If a time-component needs to be included, managing what data needs or should be gathered and managing the gathered data can get out of hands, even with today’s fairly sophisticated data managing and analysis tools.

Maintaining a measurement network is a difficult task, but initiating a measurement network something completely different. Sometimes however it happens that somebody or a group of people have the foresight to measure something, or to start to measure something, and the result is an incredible data-set: the tritium isotope data-set started 1952 in Ottawa, Canada, or the measurements of CO2 on Mauna Loa in Hawaii by Charles Keeling starting in 1958. How cool are those data-sets?

Special Issue of “Nature”

Nature Cover

Nature has a special issue on ‘earth observation’. I think all articles are important — here are a few interesting thoughts:

  • The editorial “Patcing Together a World View” sets the stage: It points out how important measurements are, that they make us see things in a different way. He also addresses computers with geographic information systems as the tools that enable us to pull all the gathered data together

    The creation of these new ways of seeing the world would be a significant aesthetic achievement even if they had no commercial, scientific or strategic use. In fact they have all three — as well as an even greater environmental usefulness.

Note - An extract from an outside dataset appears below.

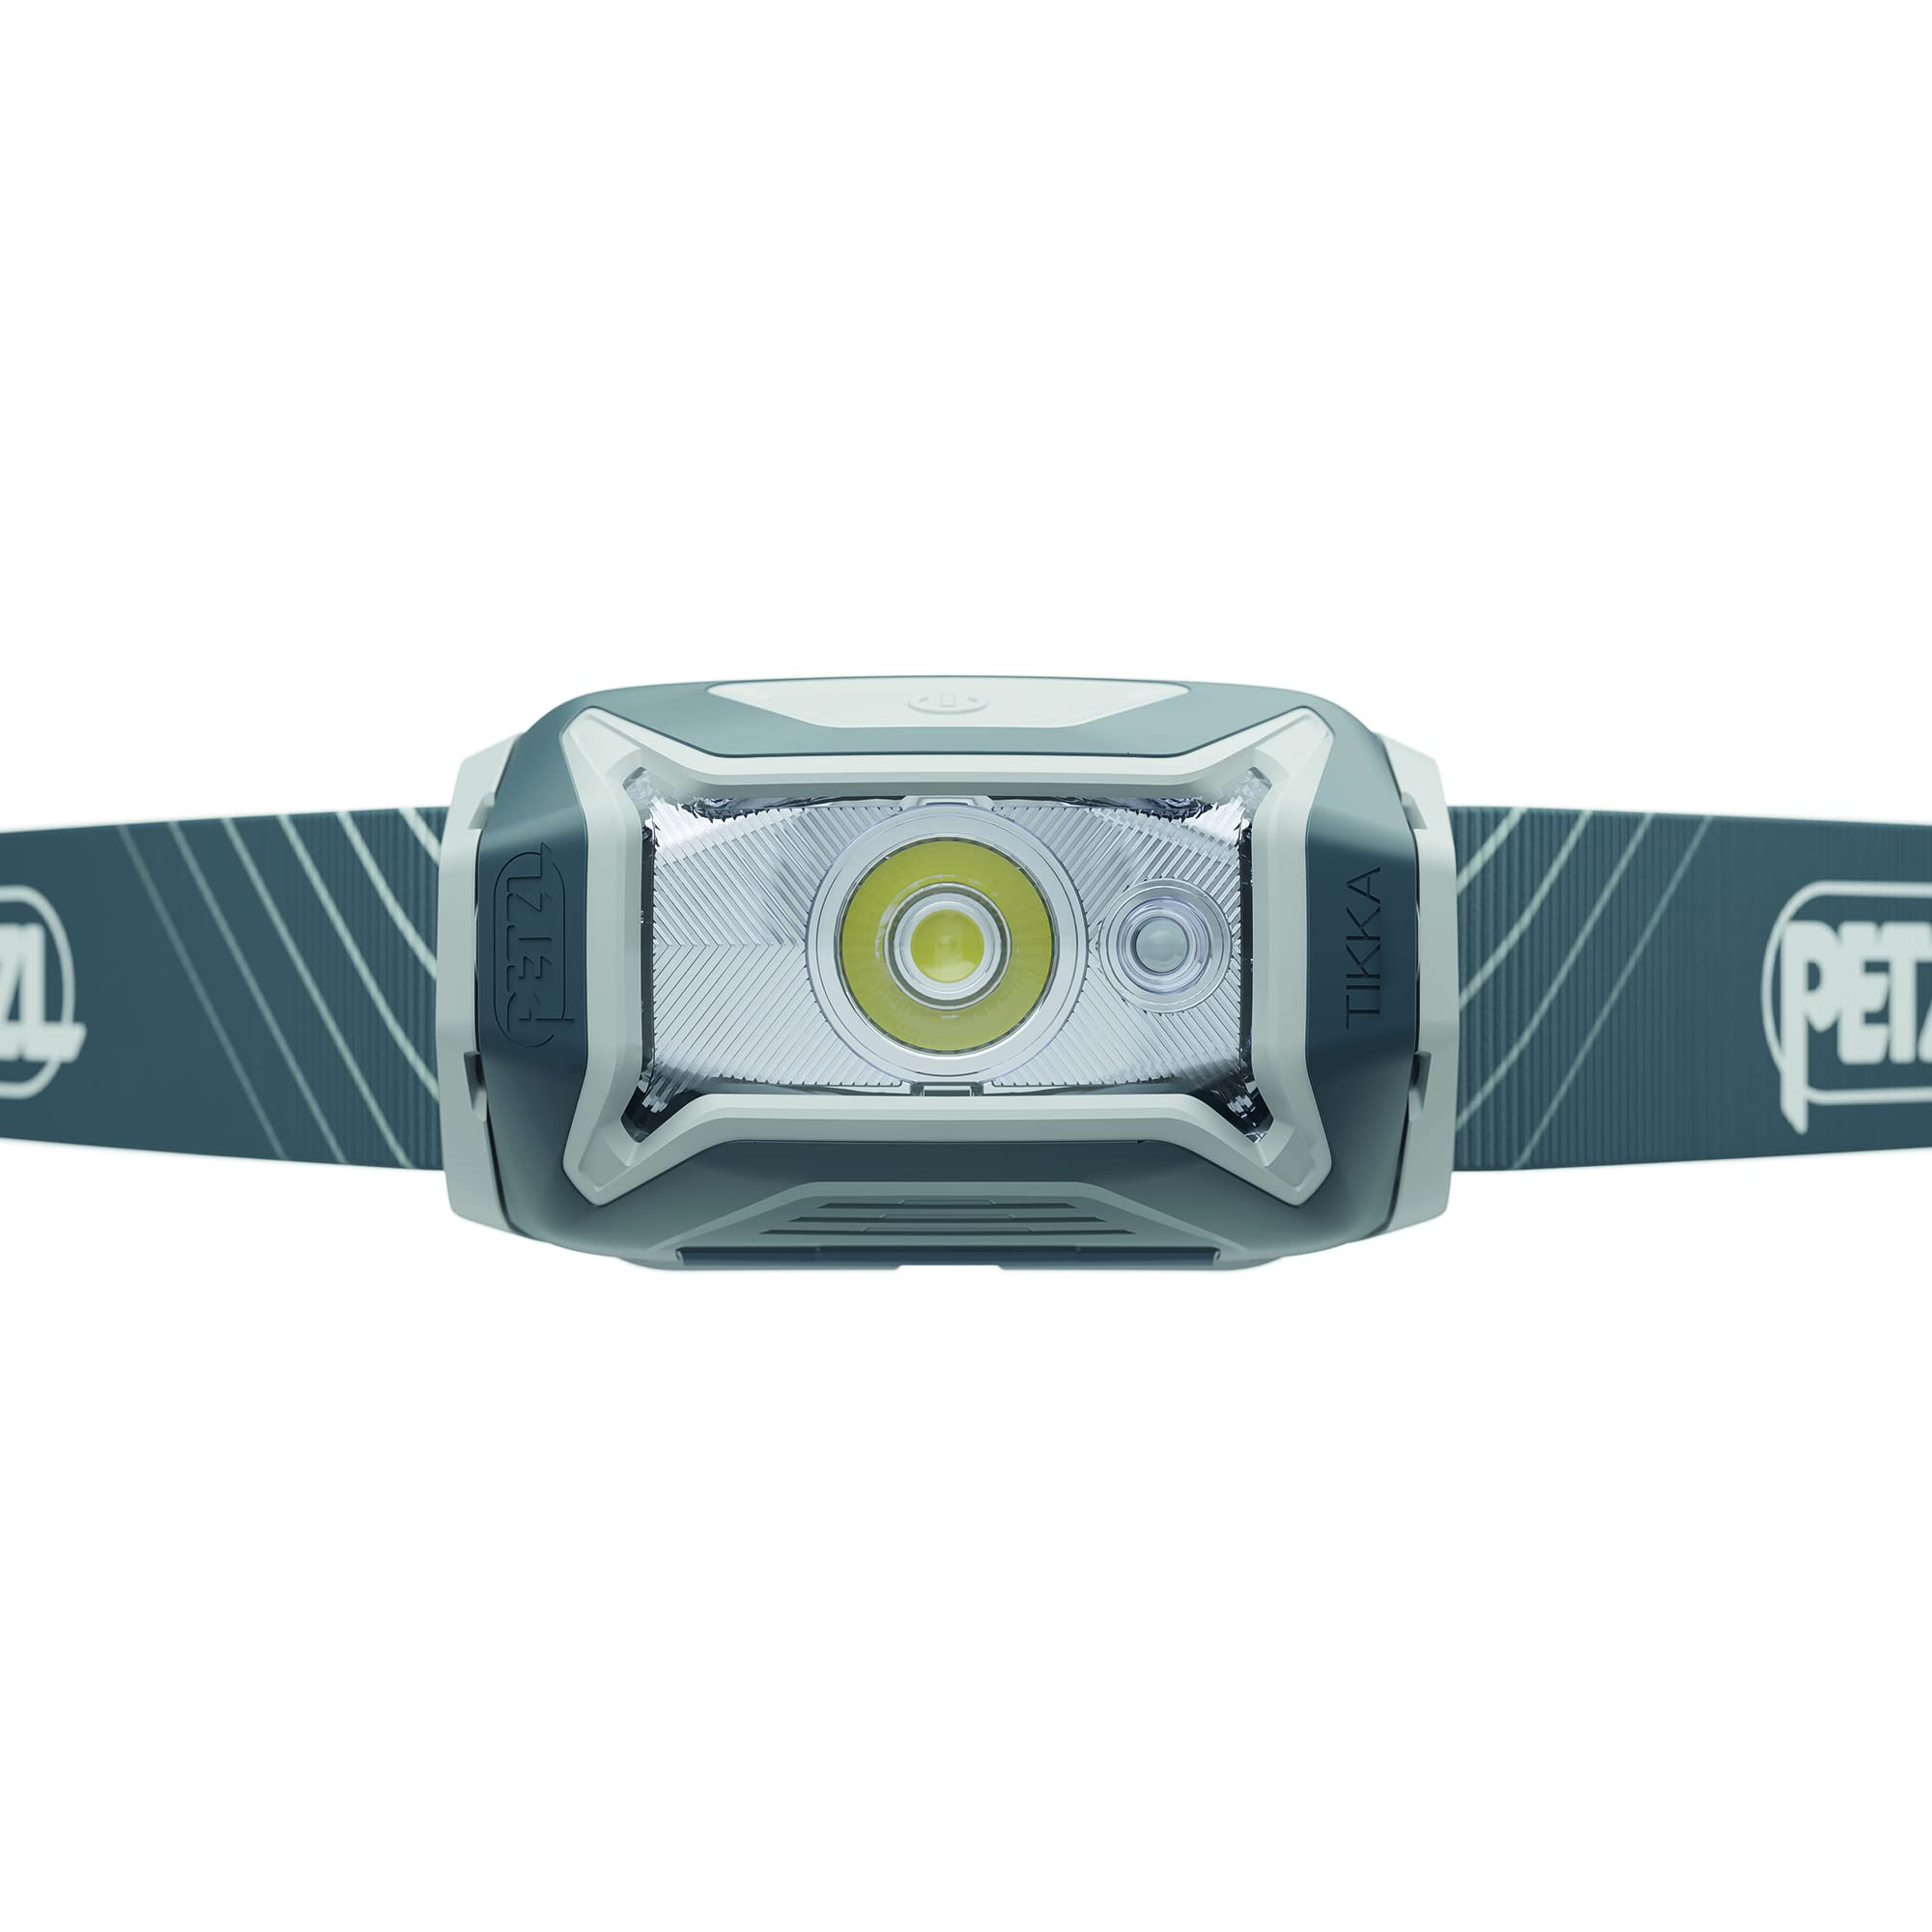 Petzl Tikka CORE Headlamp - Rechargeable, Compact 450 Lumen Light with Red  Lighting, for Hiking, Climbing, and Camping - Grey Gray

  • Alexandra Witze points in her article “Not Enough Eyes on the Prize”, that often the same things are measured by different agencies, or different countries, funneling funds away from other new measurements. She also points to the problem of measuring things in new (“exciting”) ways with new techniques versus the needs for operational measurements on a regular basis

  • Declan Buttler paints in his article “The Planetary Panopticon” a picture of real-time monitoring everywhere on earth. This requires instruments/satellites, computers, and still, a lot of money. He quotes Rick Anthes:

    A user will be able to get, on demand, climate, or any other information for any place on the planet, on the land, in the oceans, or in the atmosphere, at any time, past, present and future.”